If you were born in the late 20th century as I, there is a good chance you haven't watched the best court room drama of all time, which I hereby insist that you must. The title alone may not even be known to most people, and that is a shame, because "12 angry men" is a fantastic movie that definitely deserves attention. The movie depicts the ongoing ruling of 12 jurors, eleven of which are convinced that the defendant is guilty, but are all met with the resistance of one juror determined to question what seems so obvious to the others.
The merits of the case, and the movie, are clear. A young man is charged with murdering his father and the evidence against him is compelling. As both sides have given their closing arguments the jury retires to their chambers, and is faced with the decision of condemning a man to capital punishment. As the setting is set for the viewers and the different characters introduced, the actual course of the movie takes place, and it begins with a preliminary vote: Guilty or not guilty.

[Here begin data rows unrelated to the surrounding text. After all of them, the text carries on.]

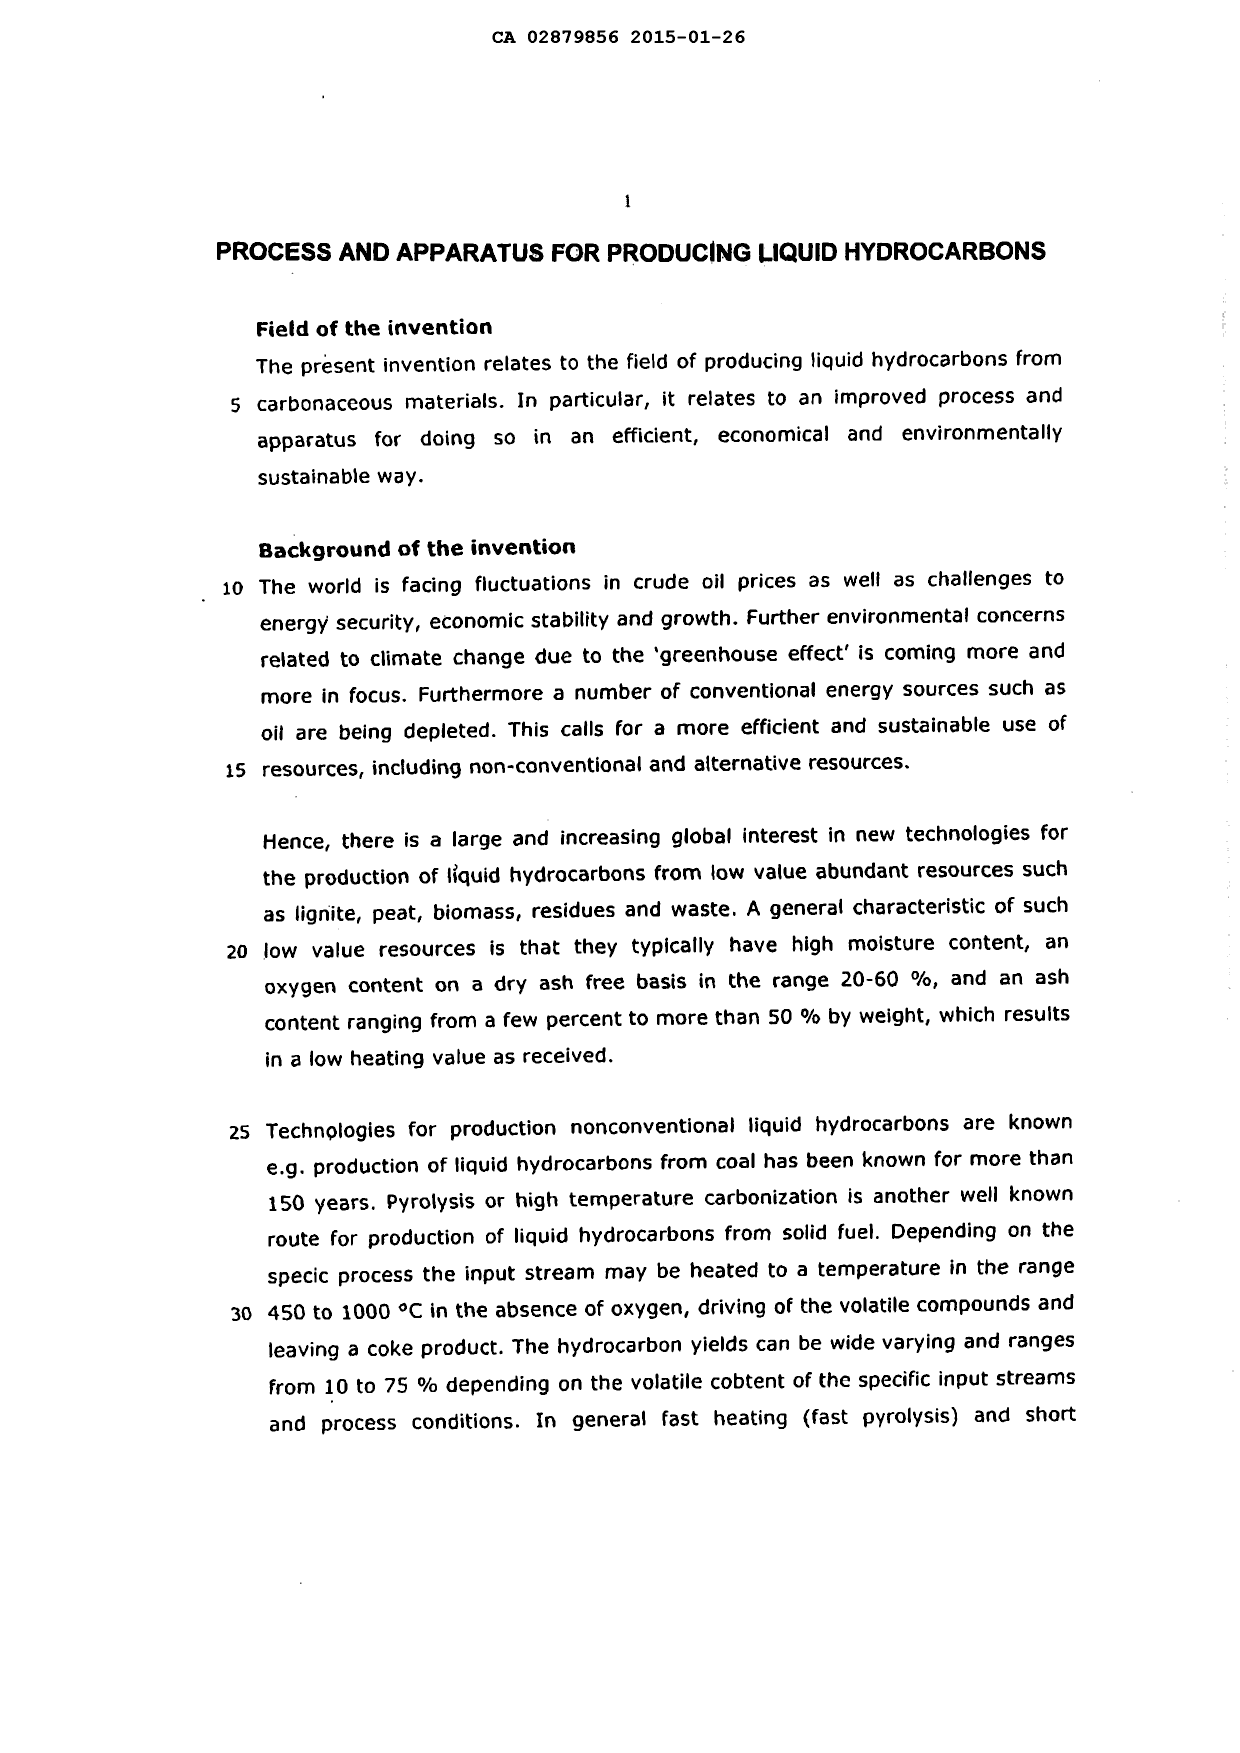 Canadian Patent Document 2879856. Description 20141226. Image 1 of 85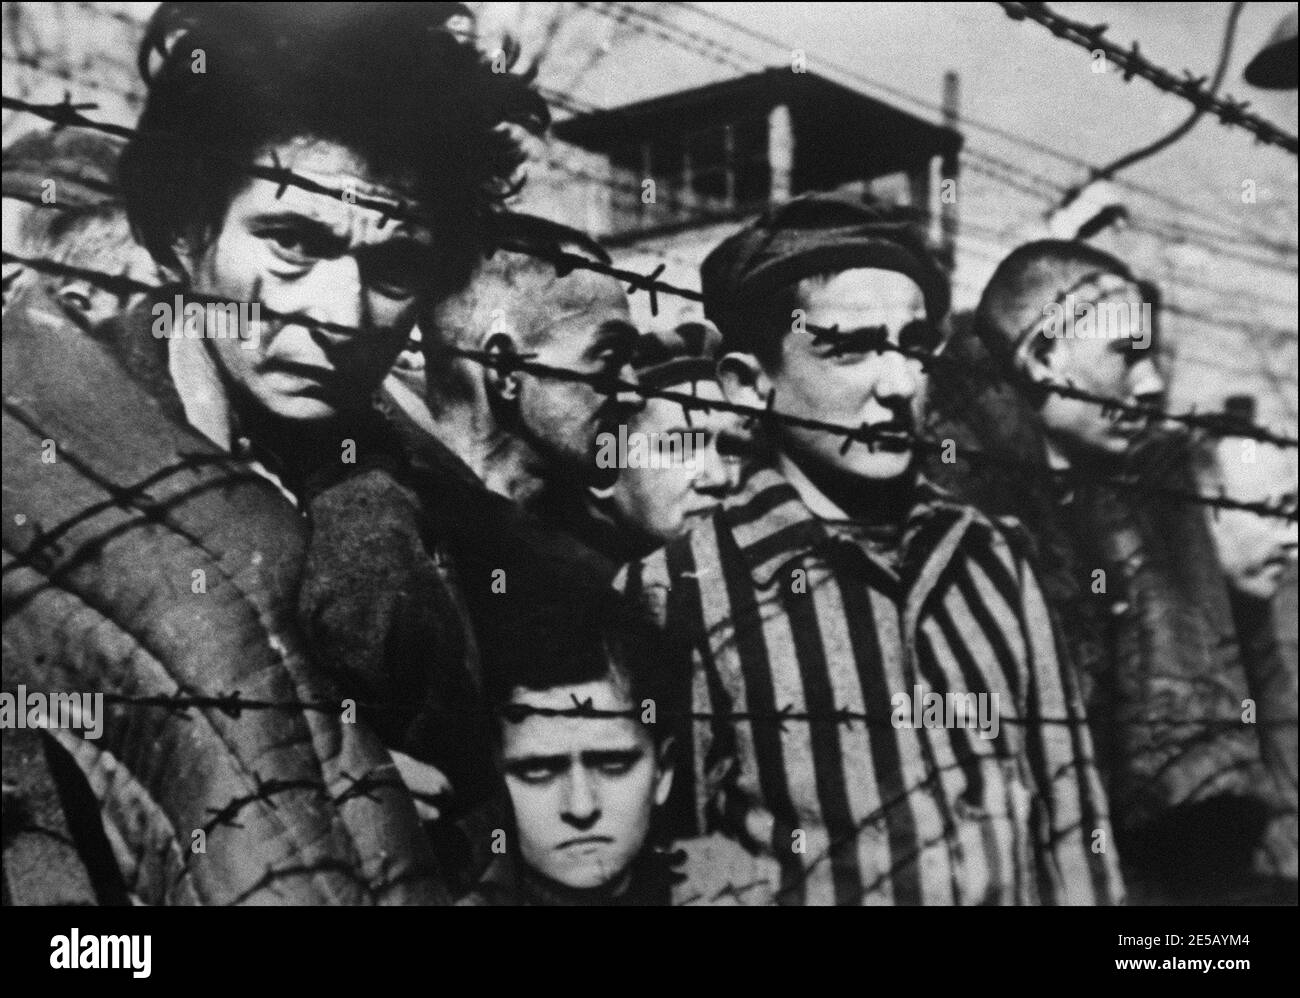 Ein Bild von Häftlingen hinter Stacheldraht, das 1945 aufgenommen wurde, als das Konzentrationslager Auschwitz in Polen befreit wurde, wo Millionen jüdischer Deportierter während des Zweiten Weltkriegs von den nazis vernichtet wurden Dieses Foto ist ein Ausschnitt aus dem sowjetischen Film 'Auschwitz' der sowjetischen Filmregisseurin Elizaveta Svilova (1945) Stockfoto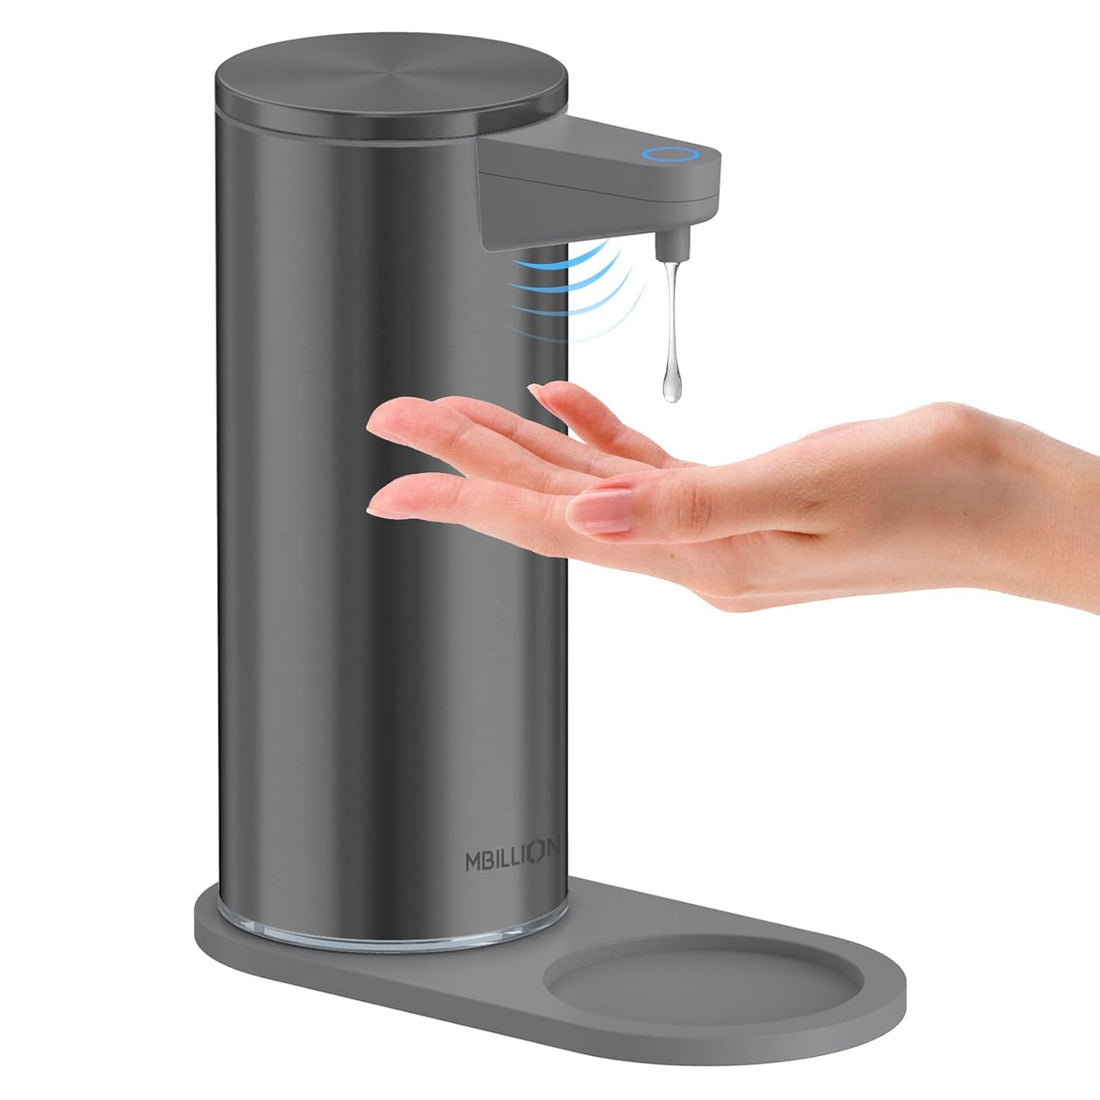 Automatic Soap Dispenser Touchless,Mbillion Soap Dispensers Touch-Free Rechargeable Sensor Liquid Soap Pump Dispenser(Gray)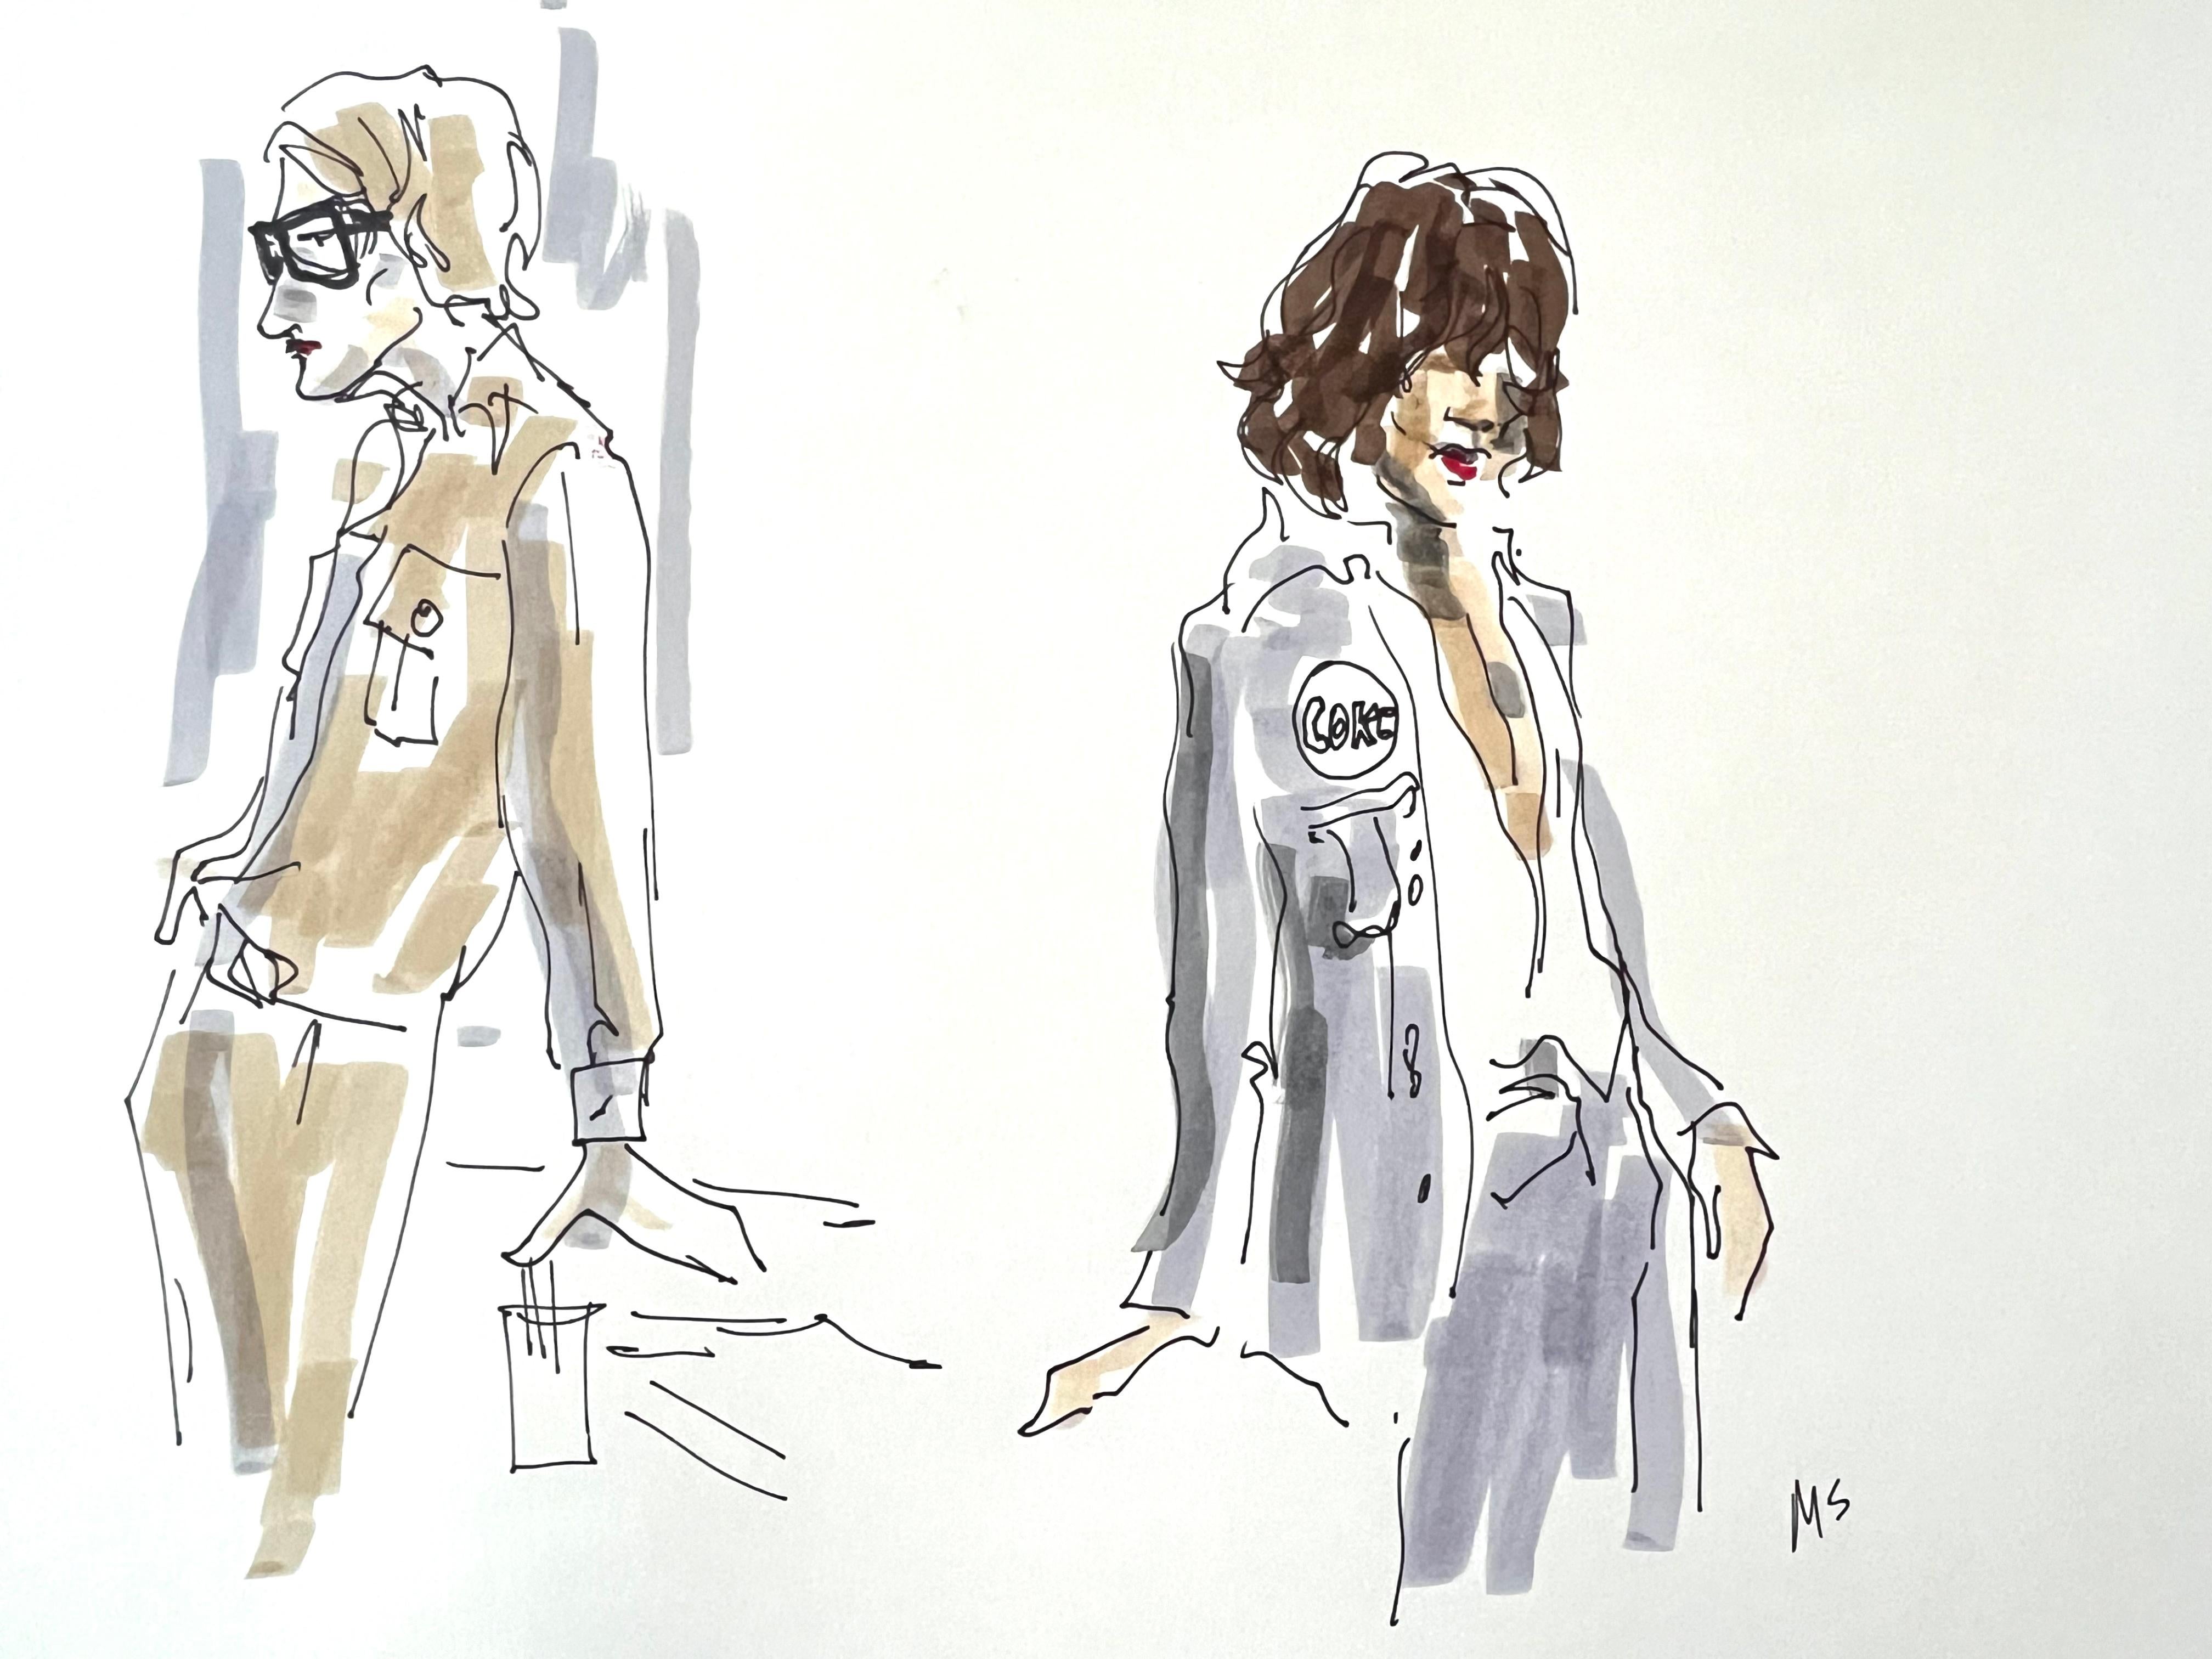 Manuel Santelices Figurative Art – Studie für Yves Saint Laurent und Mick Jagger. Aus der Serie Fashion

When the tone of agreement has been set, there are 11 votes "guilty" and 1 "not guilty"; and as the 11 rests their eyes upon the one, juror #8, the movie unfolds in a uniquely interesting manner. Juror #8(Henry Fonda) starts off with nothing to validate his position, other than saying that he does not want to sentence a young man to death before at least talking about it. And from that point on, the jurors begin to explore the case's circumstances, all the arguments and testimonies, and one by one starts to rethink their position on the issue.
What makes this so interesting to watch, is that the movie's plot unfolds at the same pace it unfolds for the characters. Apart from what was said during court, no information is held back, which puts the jurors in the same position as the viewers. This allows a deeper involvement in the movie, and creates a feeling that the viewer is uncovering the truth alongside the characters themselves. It almost feels like a detective/criminal investigation movie at times, and even though the movie "suffers" from old age and outdated cinematic effects, the suspense never ceases to exist. The excitement is also strongly affirmed by the growing tension between the jurors, many of which are greatly inconvenienced by their required presence. The feeling of claustrophobia grows larger, and as the persistence of juror #8 starts to affect some of the others, the viewer begins to understand the meaning of the title "12 angry men".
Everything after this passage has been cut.